What to produce
Repeat exactly the line with "In Scheiben geschnittene" and each line after it to the end of the data below; pictures stay out.

Supplied data

# # # #

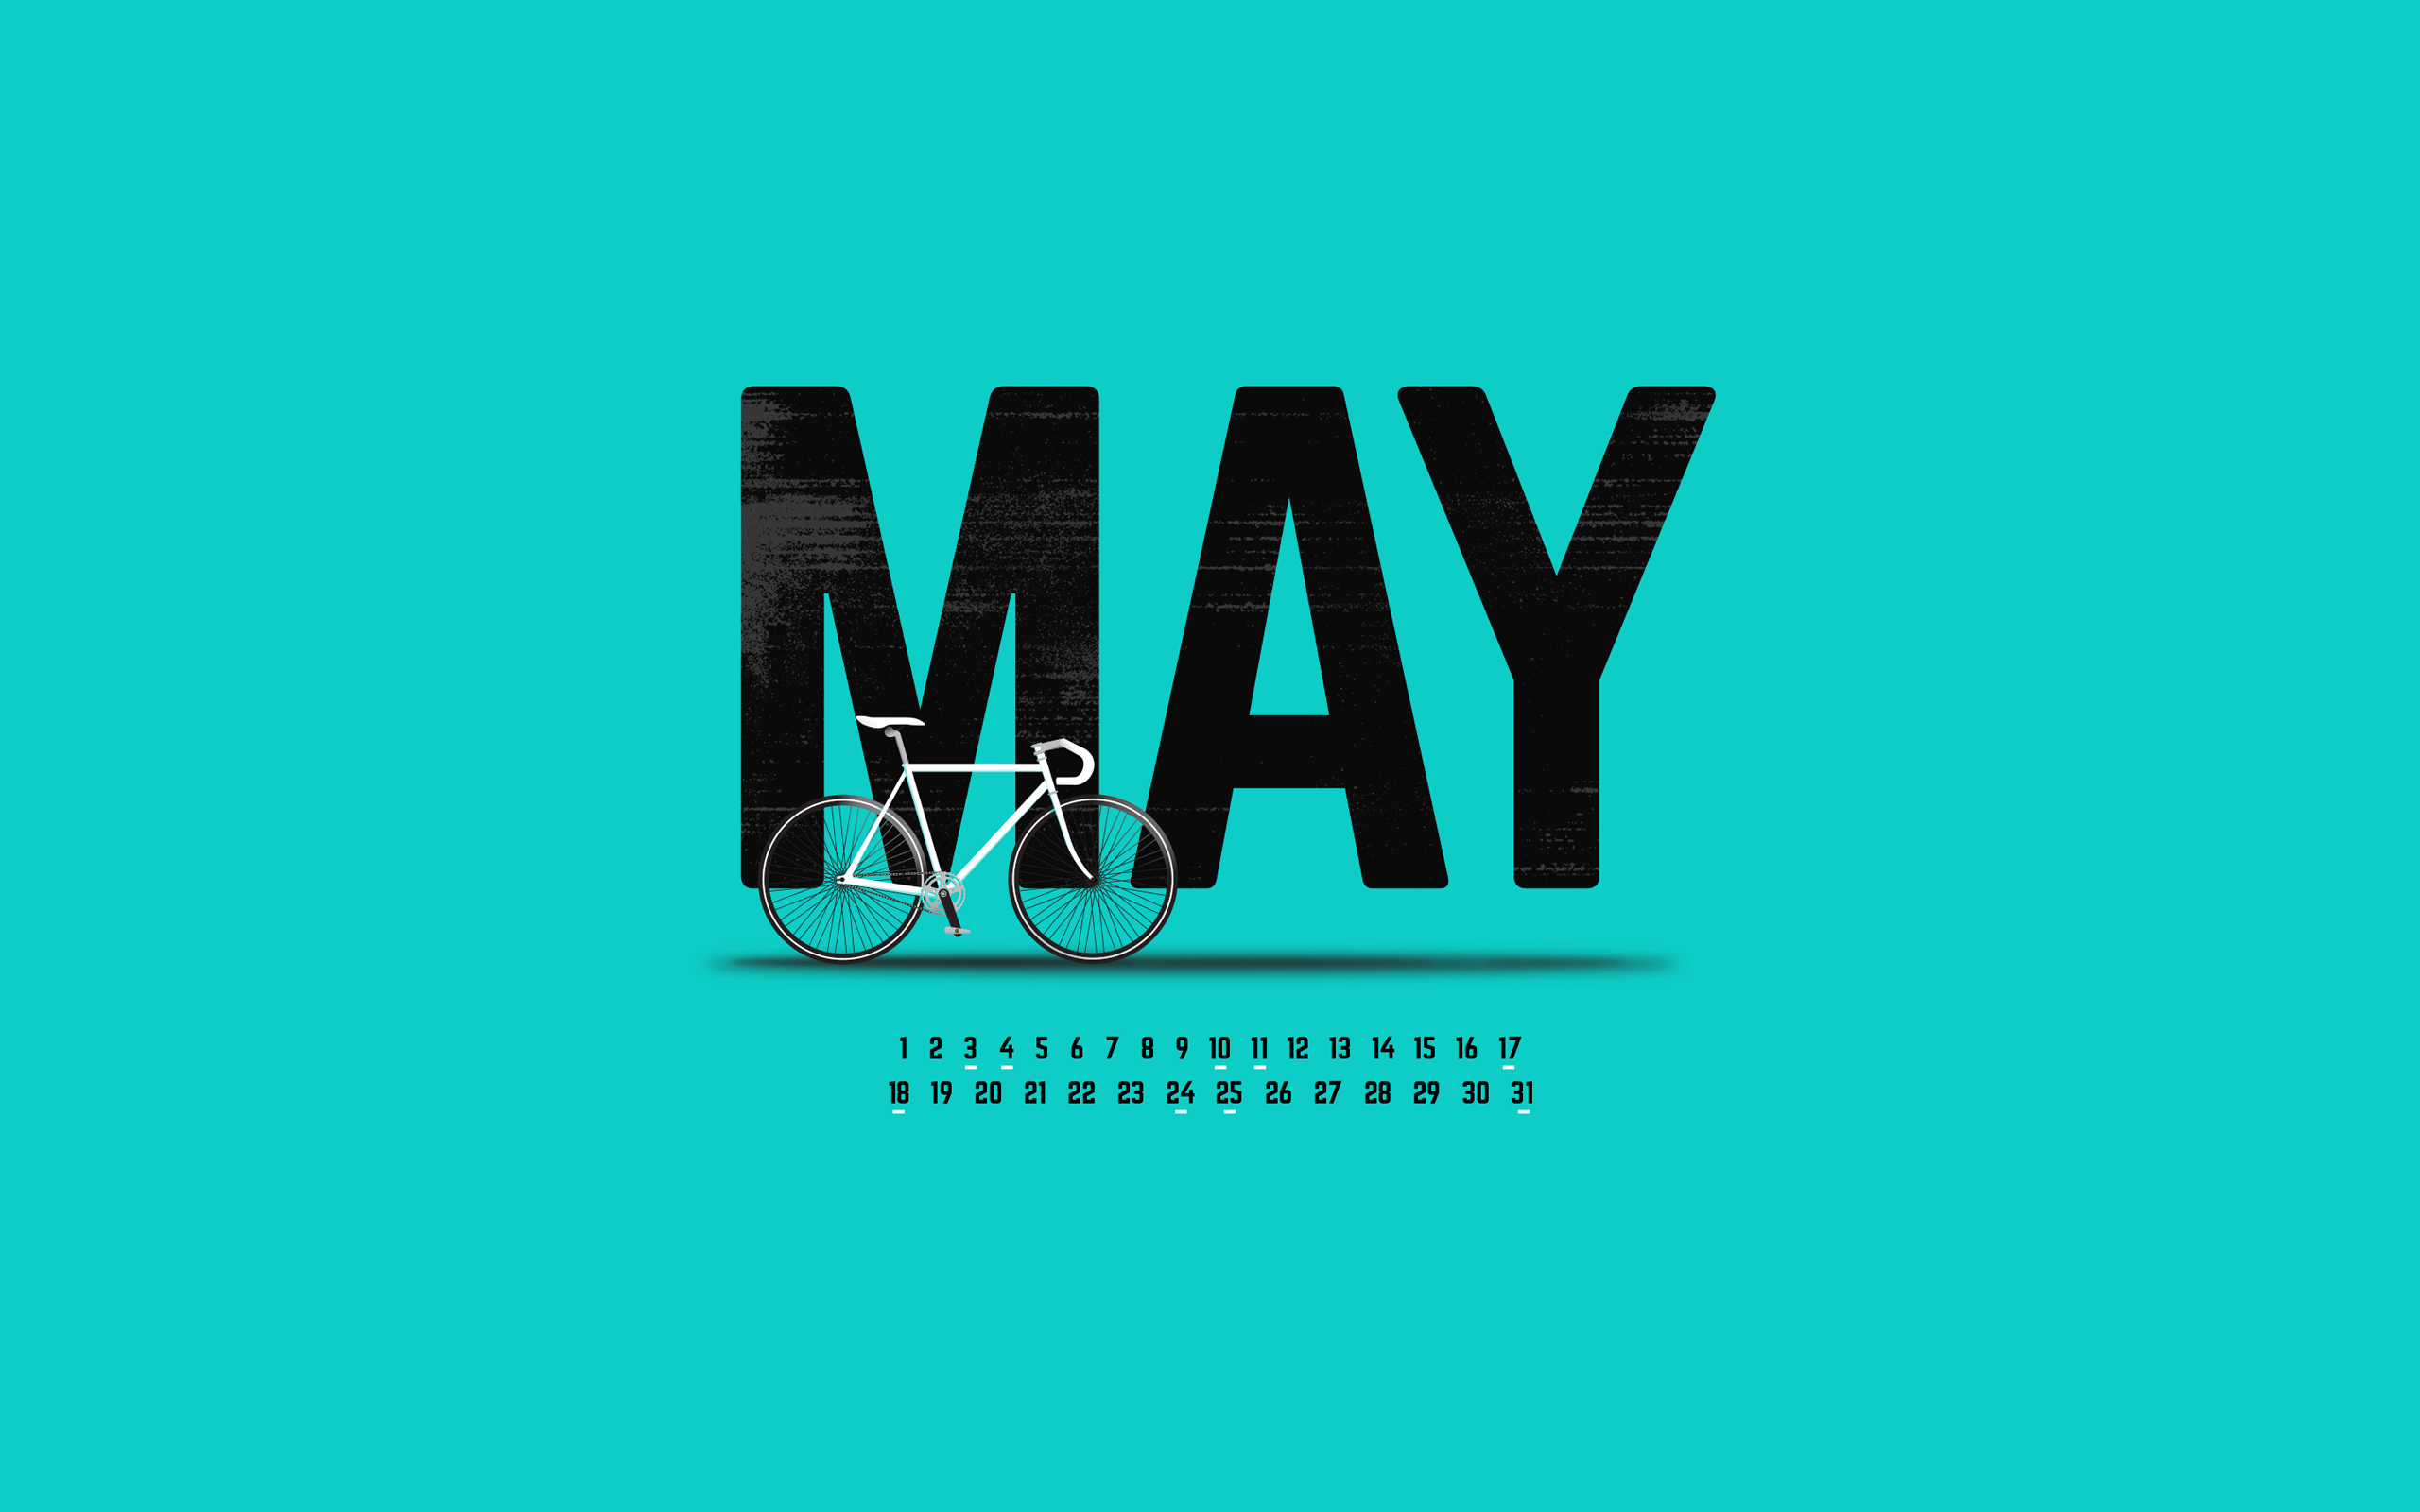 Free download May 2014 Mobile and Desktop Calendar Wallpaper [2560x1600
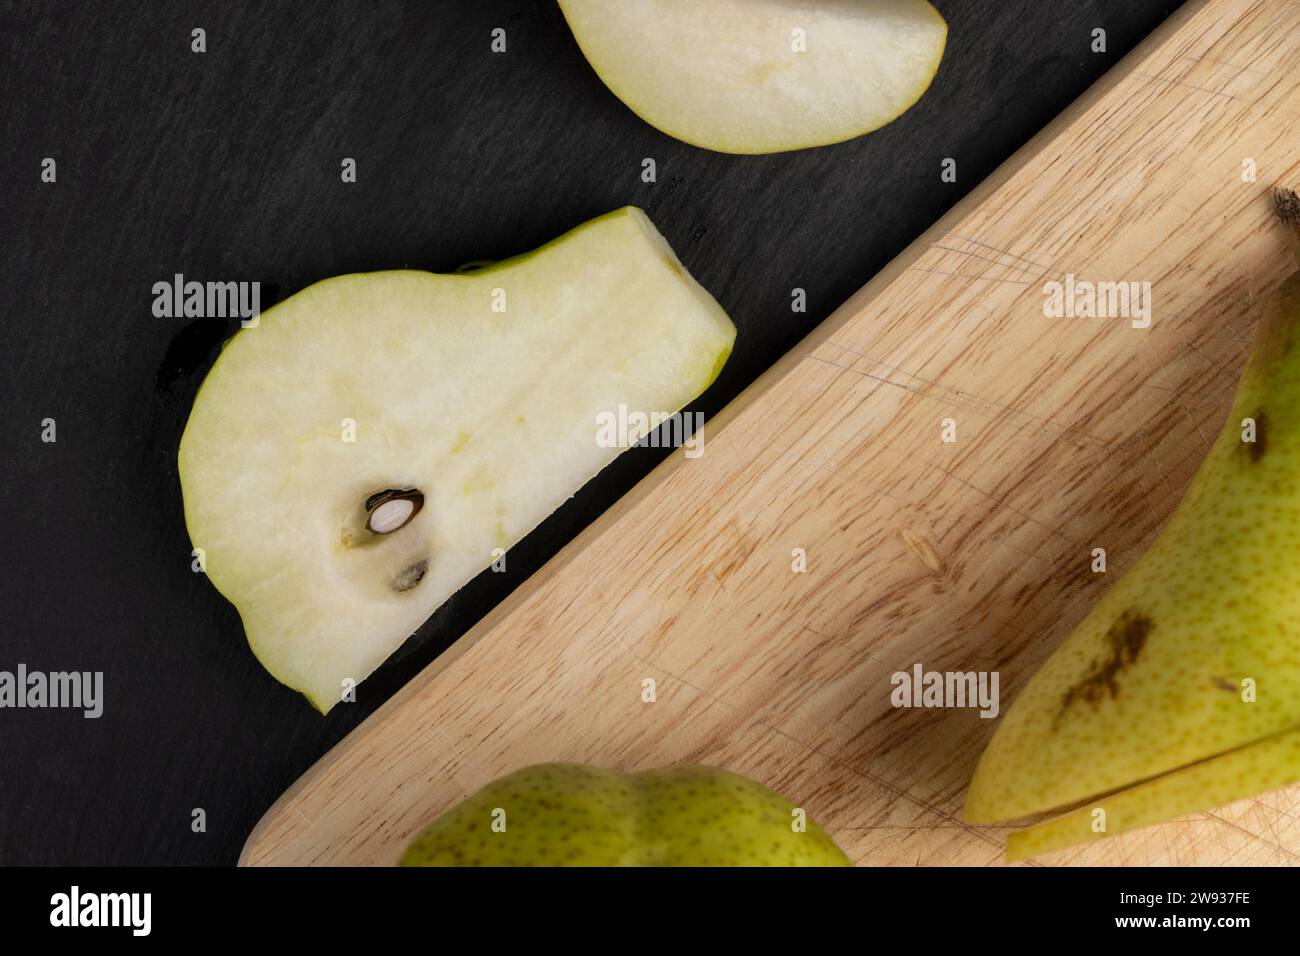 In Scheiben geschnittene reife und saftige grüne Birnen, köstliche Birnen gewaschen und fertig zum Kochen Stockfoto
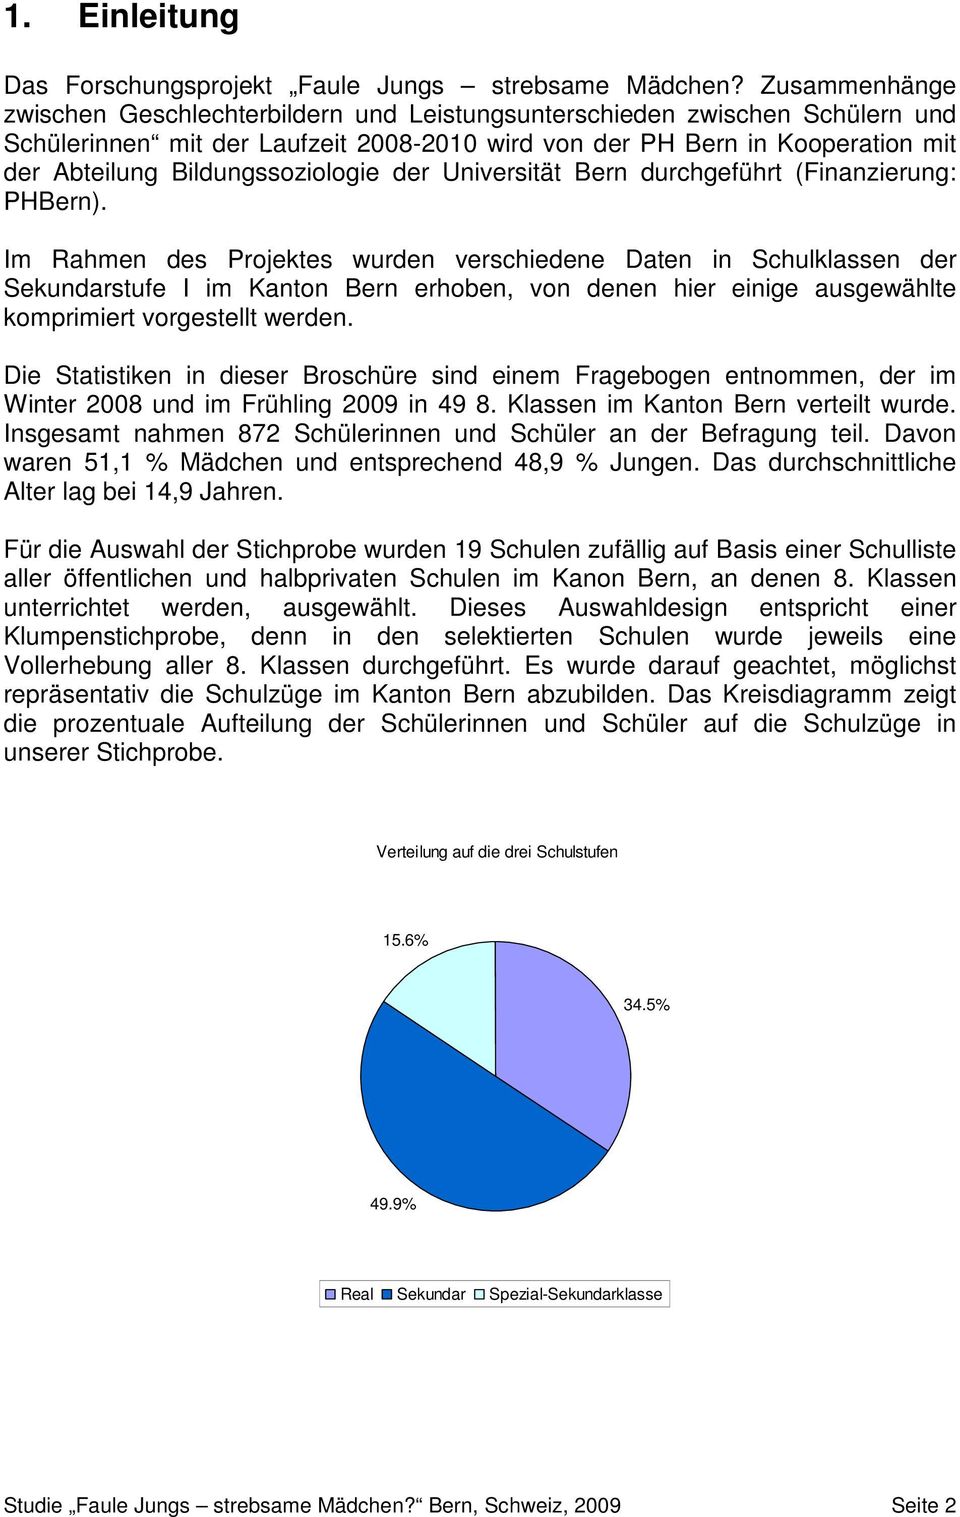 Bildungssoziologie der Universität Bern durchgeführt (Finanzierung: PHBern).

# # # #

Written solution
 In Scheiben geschnittene reife und saftige grüne Birnen, köstliche Birnen gewaschen und fertig zum Kochen Stockfoto
 Bildungssoziologie der Universität Bern durchgeführt (Finanzierung: PHBern).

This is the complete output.